Why Smartphones Are Set to Get Costlier in 2026, According to Nothing CEO Carl Pei

Rising AI-driven memory demand is forcing smartphone makers, including Nothing, to raise prices in 2026, reshaping how future phones are built.
For more than a decade, buying a new smartphone has felt like a win for consumers. Each year brought faster processors, better cameras, more storage, and sleeker designs—often without a dramatic rise in price. That long-standing trend, however, may be coming to an end. Nothing CEO Carl Pei has issued a warning that 2026 will mark a turning point for the smartphone industry, as rising component costs begin to push prices noticeably higher.
In a detailed post on X, Pei explained that smartphone makers are now dealing with pressures they have not faced in years.
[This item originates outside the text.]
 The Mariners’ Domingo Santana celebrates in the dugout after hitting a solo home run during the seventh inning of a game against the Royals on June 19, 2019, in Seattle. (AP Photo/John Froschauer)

The industry once relied on a simple but powerful assumption: as technology matured, the prices of critical components like memory and displays would continue to fall. That allowed brands to improve hardware every year while keeping phones within reach of most buyers. According to Pei, that assumption is no longer valid.
At the heart of this shift is memory, one of the most essential parts of any modern smartphone. The same chips that store apps, photos, and videos in your phone are now in massive demand from companies building large AI data centres. These firms are racing to secure memory supplies for years ahead, leaving smartphone makers competing for what remains. As Pei noted, smartphones are no longer the top priority for memory suppliers.
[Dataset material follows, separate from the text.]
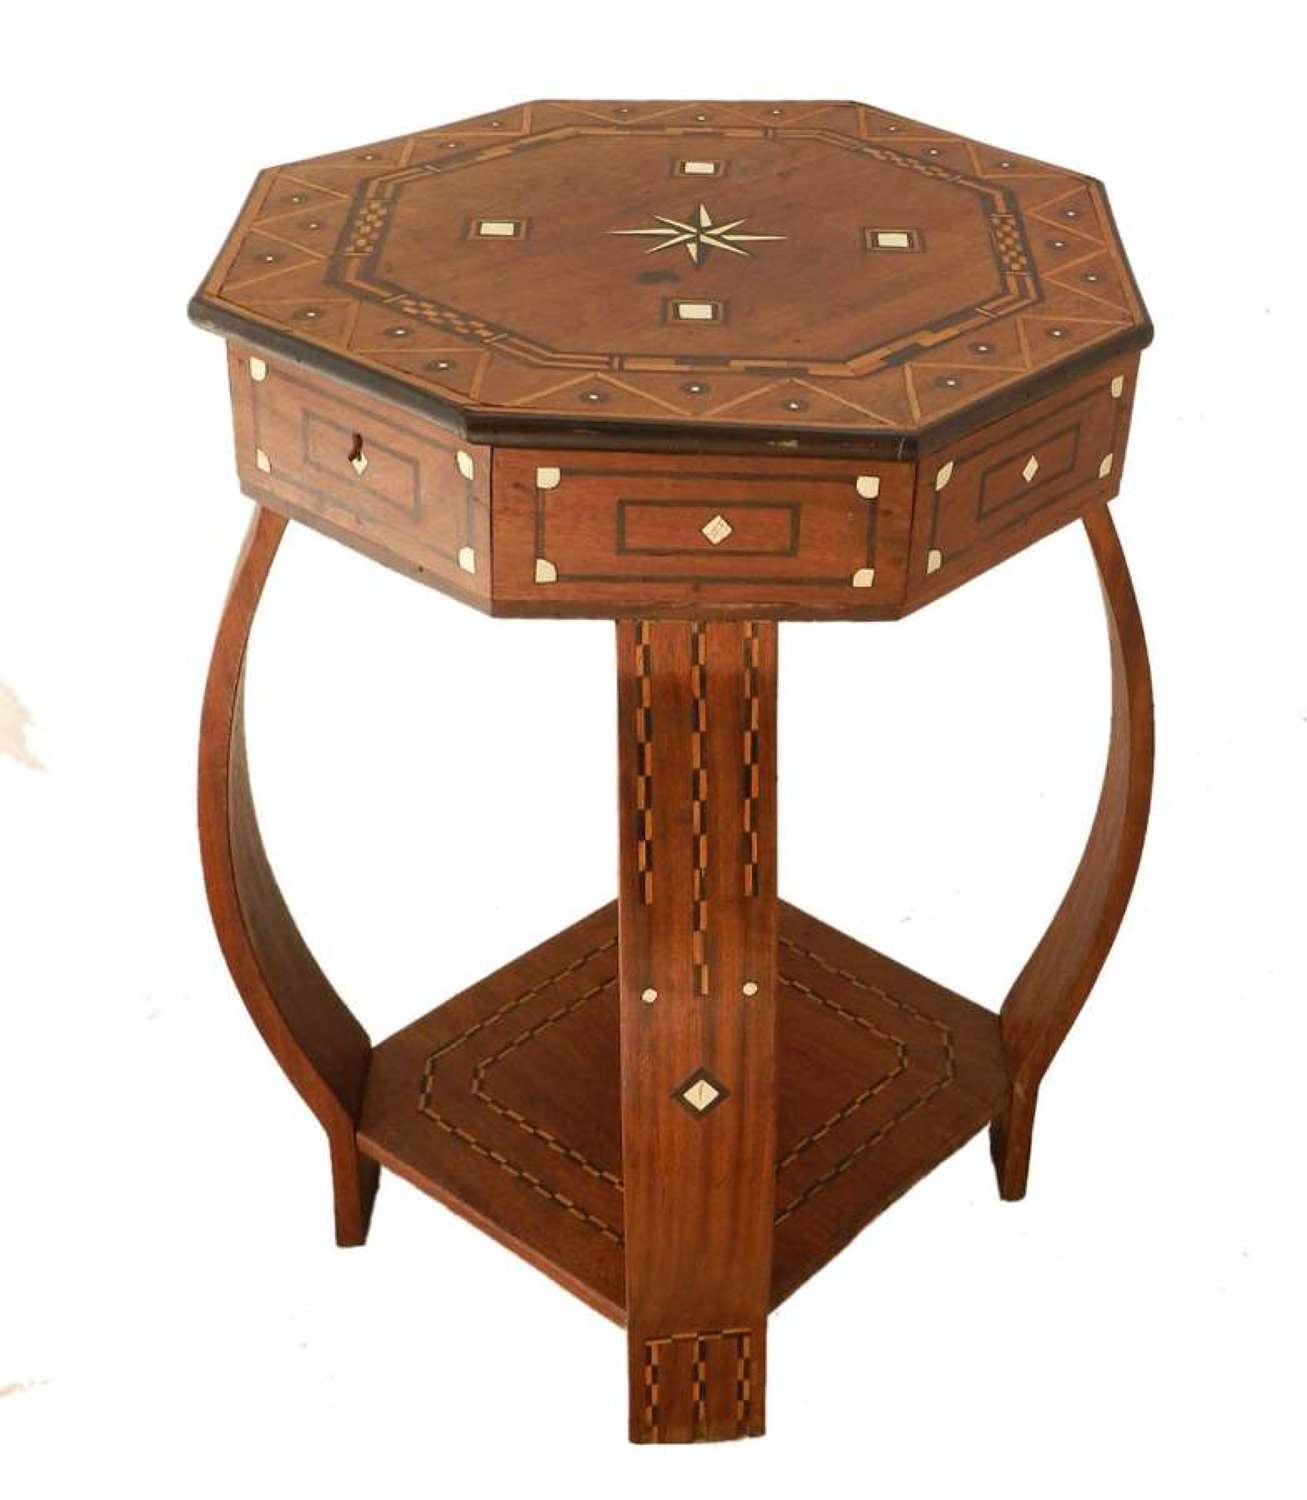 Moroccan Inlaid Side Table early 20th Century Games or Sewing

This surge in demand has already had a visible effect. Pei said memory prices have jumped sharply, in some cases rising multiple times compared to last year. What used to be a relatively minor line item in a phone’s cost structure has quickly become one of the most expensive components. That change alone is enough to disrupt how phones are designed, priced, and marketed.
“When phone economics stop making sense,” Pei warned, manufacturers are left with only two choices. They can either raise prices—sometimes by a significant margin—or cut back on specifications to keep devices affordable. Neither option is ideal, especially in the budget and mid-range segments where profit margins are already thin. Pei believes these categories could feel the most strain, and some may even shrink as companies struggle to maintain the balance between cost and consumer expectations.
Nothing, the brand he leads, will not be spared either. Pei acknowledged that Nothing phones are also likely to become more expensive, particularly as newer models adopt faster storage technologies like UFS 3.1. While these upgrades improve performance and user experience, they now come at a much higher cost than before.
Beyond pricing, Pei also sees a broader shift in how the industry will evolve. As hardware becomes more expensive and harder to upgrade at low cost, the relentless “specs race” may begin to slow. Instead of focusing only on bigger numbers—more RAM, more storage, higher benchmarks—brands may turn their attention to refining the overall user experience. Software, design, and everyday usability could take centre stage as manufacturers look for new ways to add value without endlessly pushing up prices.
If Pei’s outlook proves accurate, 2026 could be the year consumers start to notice that smartphones are no longer getting cheaper, even as technology continues to advance. The era of steadily improving phones at the same price may be fading, replaced by a market shaped by global demand for the very components that power today’s AI-driven world.